# Robotic mower anyone?



## Tadd (Mar 1, 2019)

Any of you check out or use a robitic mower? What is your experience like? Was it worth it to save time? I still have my deere but thought about freeing some time up.


----------



## PJ161 (Sep 12, 2016)

I don't do grass around the house, I use my wife! Excellent "Robotic" mower. LOL.


----------



## Hoodoo Valley (Nov 14, 2006)

I remember those back in the mid 1970s because my dad had one....... it was called "have my son do it"!


----------



## FredM (Nov 18, 2015)

I'm the robotic, I have two 14 year old + grandsons and both are allergic to anything mechanical, but put a keypad device in their hands and they are happy as larry.


----------



## RC Wells (Dec 26, 2008)

I have a friend that bought one of those Husqvarna 450X robotic mowers. She has a very small lawn (60x152 feet) and a parking strip by the curb, and after she laid out the programming cables/guide wires so the mower could sense the area to be mowed, it works very well. Her first shot at using it resulted in it running down the street several blocks looking for the signal to turn. I think it may have just kept going if some kids had not cornered the thing. Lesson there is to read the instructions, which no man would ever do, so it would unlikely work for any of us! 
It does have an interface to an iPhone, so can be driven around by that too. A bit nerdy, but more entertaining than most TV shows and better than watching morons kneel during the National Anthem.
It has a battery that lasts her a month, and takes an hour or so to charge. She ran it dead because she did not plug the charger into the mower. The blades look a bit like box cutter knives, and they seem to last quite well. It does not bag, so the lawn needs to be mowed every three days or there is a big mess of ground grass clumps all through the lawn.


----------



## Newell (Jan 30, 2019)

*That lawn* (_when showing " big messes of ground grass clumps all through the lawn...."_). * sounds like mine looks, 
since I can't get the flail mower workin'
'till I get the 3 pt hitch workin', 
which means I should get busy workin':

so the grass is gonna get higher, I predict. 

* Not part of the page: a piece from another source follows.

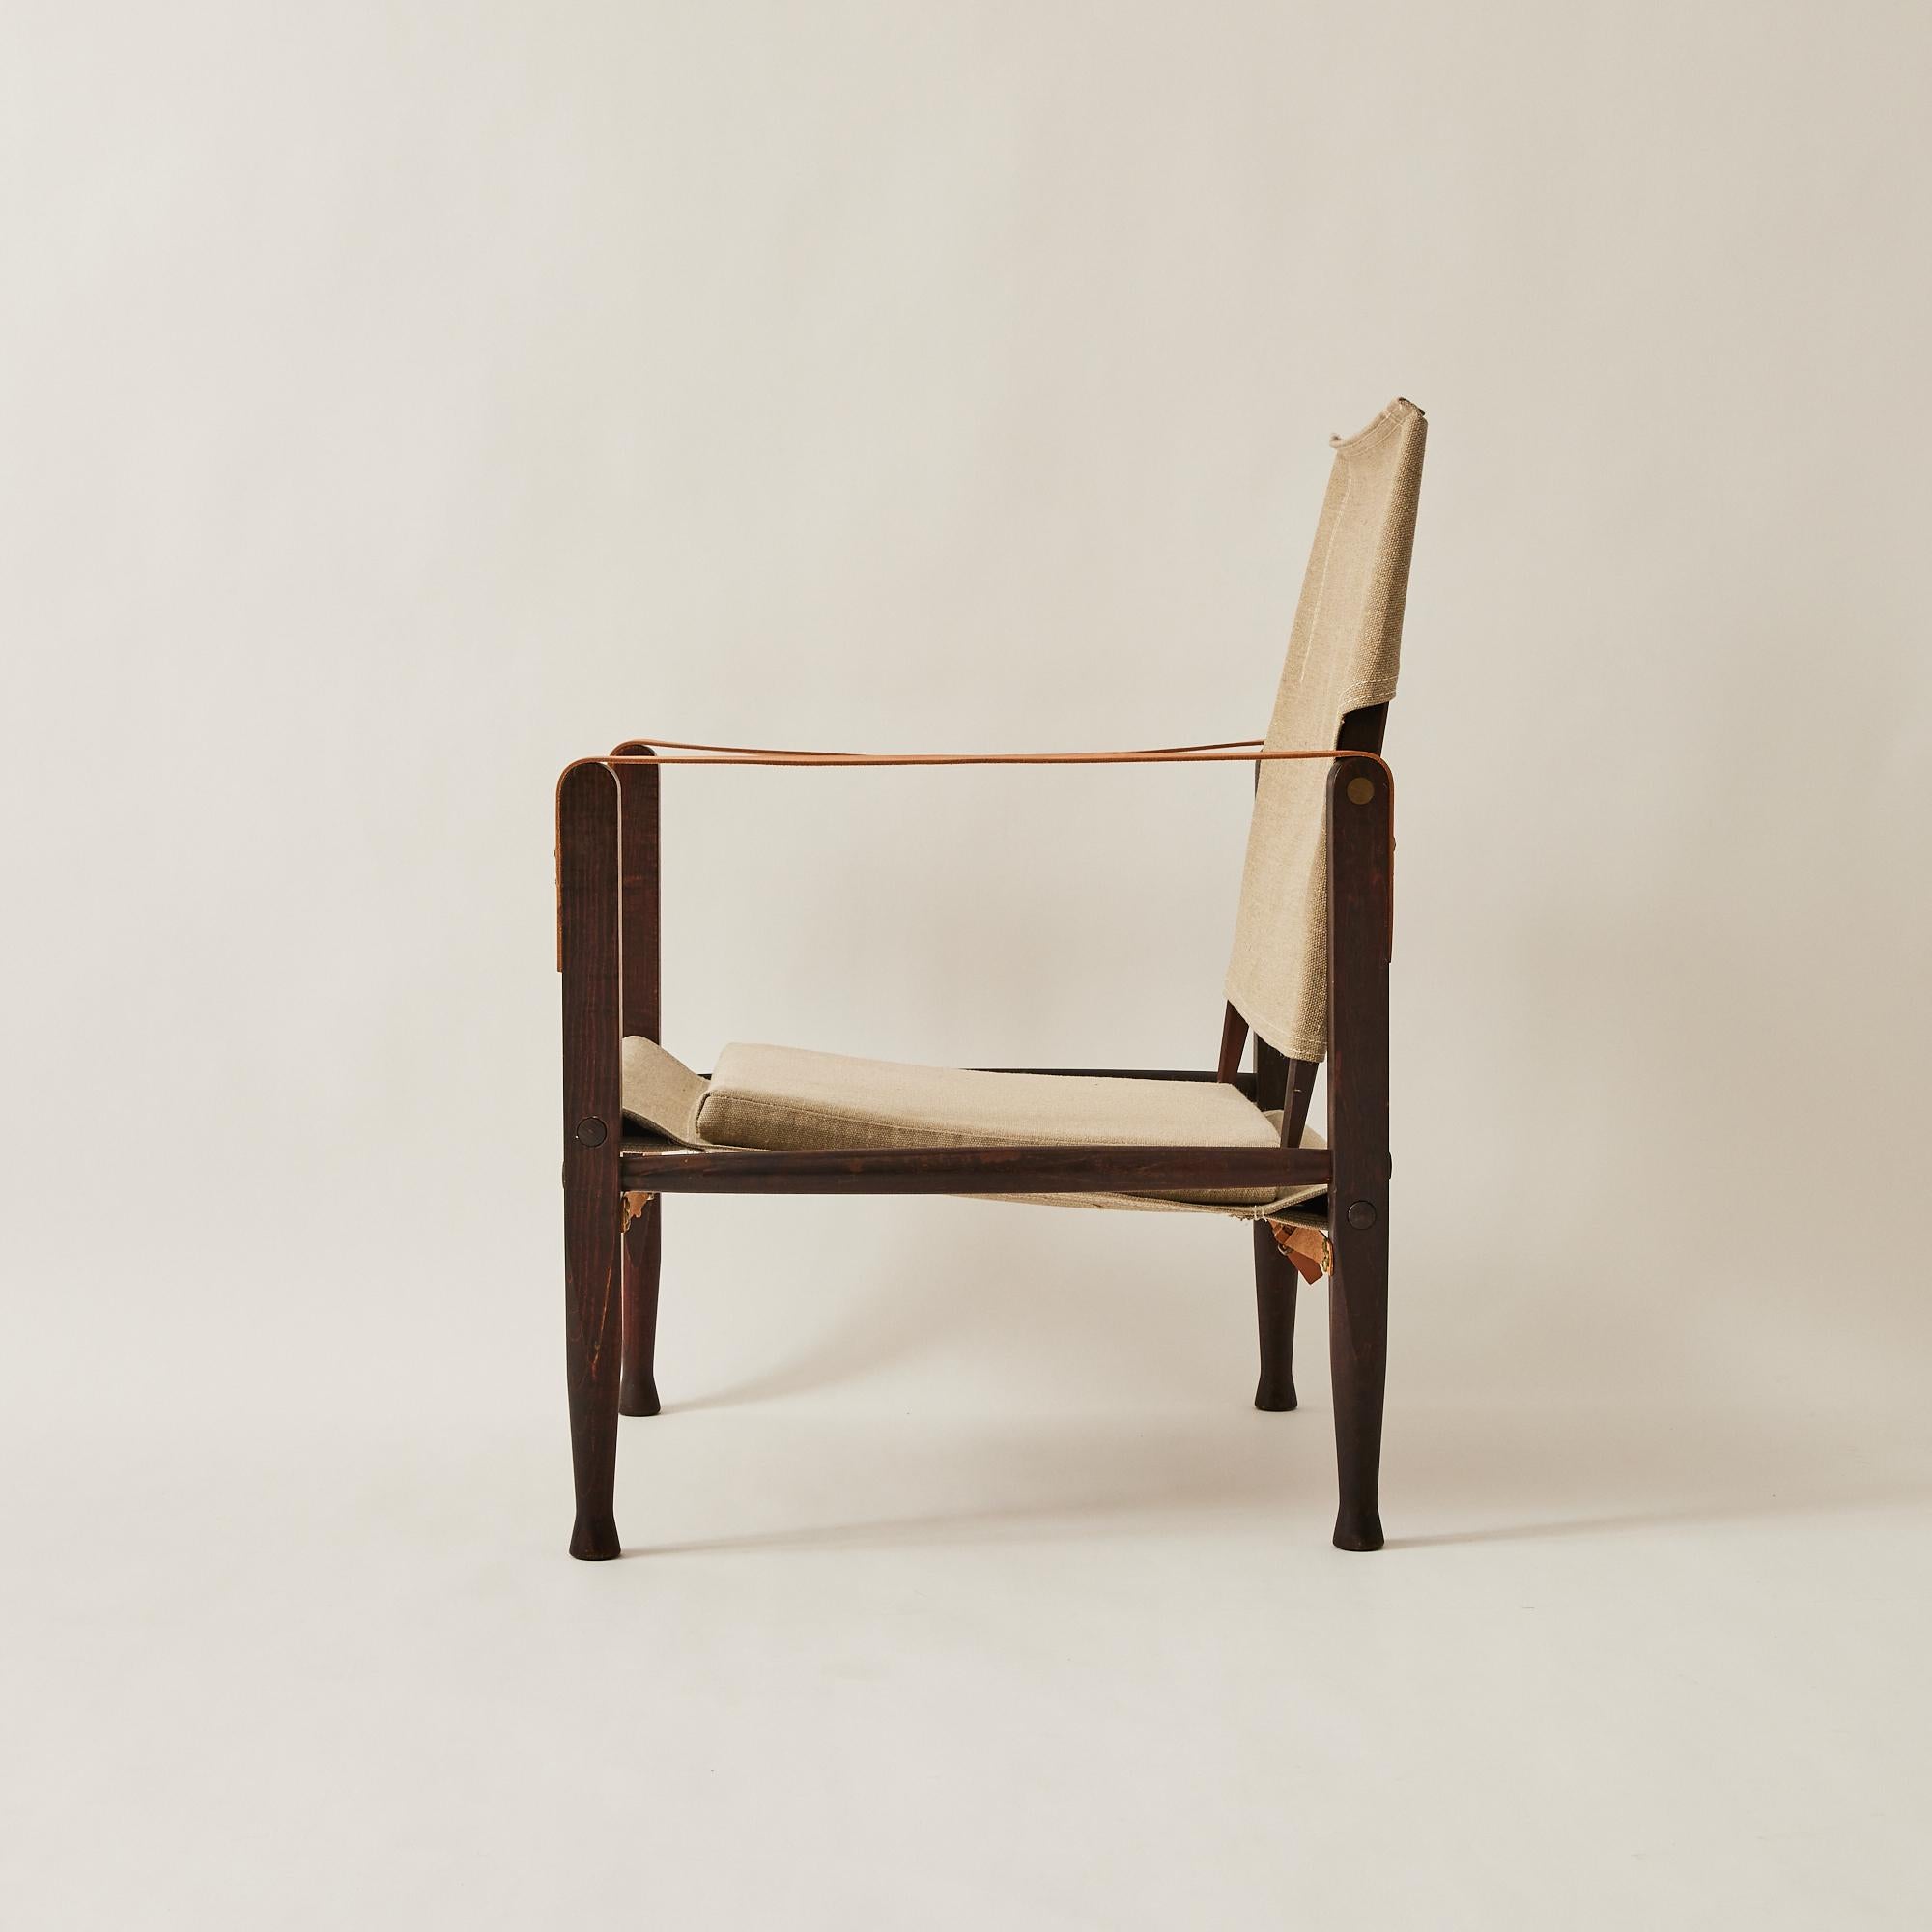 Danish Kaare Klint Safari Chairs for Rud Rasmussen in Ash and Canvas- a Pair For Sale
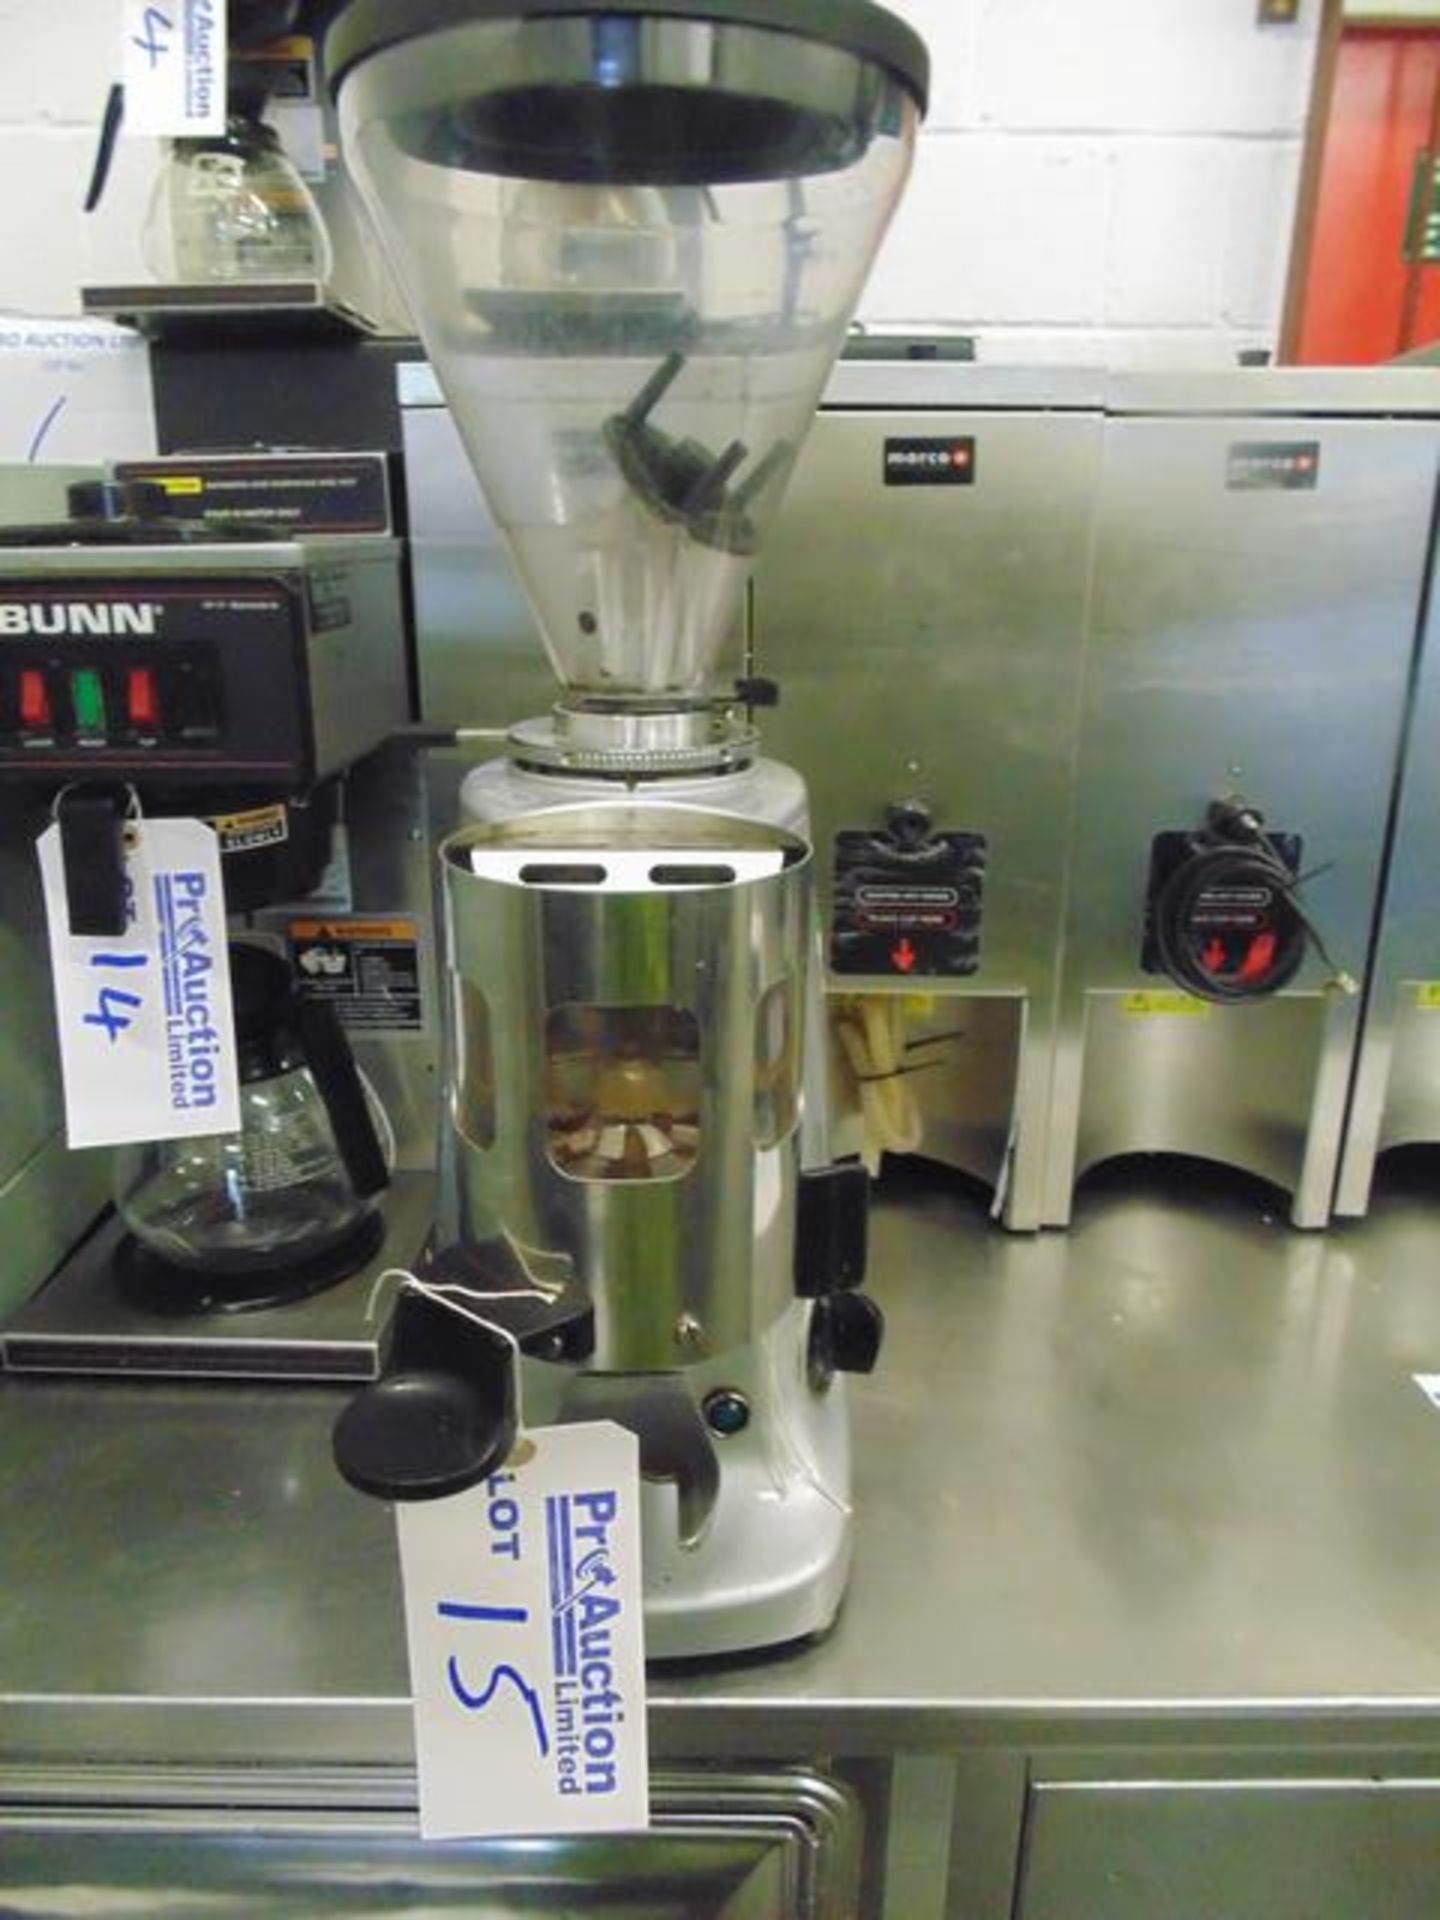 Mazzer Super Jolly Automatic Grinder perfect combination of quality, speed, reliability and cost

Sometimes my psychic powers of predicting future events, 
or delayed future events, 
amazes me.*
(definitely amazes Wifey,
I've come to note...)


----------



## Bob Driver (Nov 1, 2017)

Yep... Built probably 1/2 dozen for customers to use as "slope mowers" on really steep hills. I use... 1) Push mower with a caster front end like came on some Honda self-propelled mowers 2) A set of 12v DC drive motors off a Hover Round. 3) Two UR-1 340 CCA Batteries. 4) Sabertooth 2x25 motor controller from Dimension Engineering. 5) Spektrum DX5E RC Transmitter. Here's a You Tube Link that shows you how to wire the controller to the drive motors --- https://www.youtube.com/watch?v=qR-pNctmhdY. Parts are about $350-$400 including the used push mower. Takes about 4-5 hours to fabricate and wire. I charge $650 for the finished unit. It's usually people with no other option due to a steep grade other than a weed wacker. Some times it's a guy with a flat yard that just wants to sit in a lawn chair and drink beer while mowing the lawn. There's a learning curve to operating them, so I tell them two beers max and best stay away from the wife's petunias until you get the hang off it....


----------



## Dmfoste1 (Apr 22, 2019)

I don't have one yet, still enjoying the cup holder on my riding lawn mower. Let me get past the enjoyment I get from that and I might look at upgrading to the robotic one.


----------



## wjjones (May 28, 2010)

I mow so much I feel like a robot sometimes. A really old rusty robot.


----------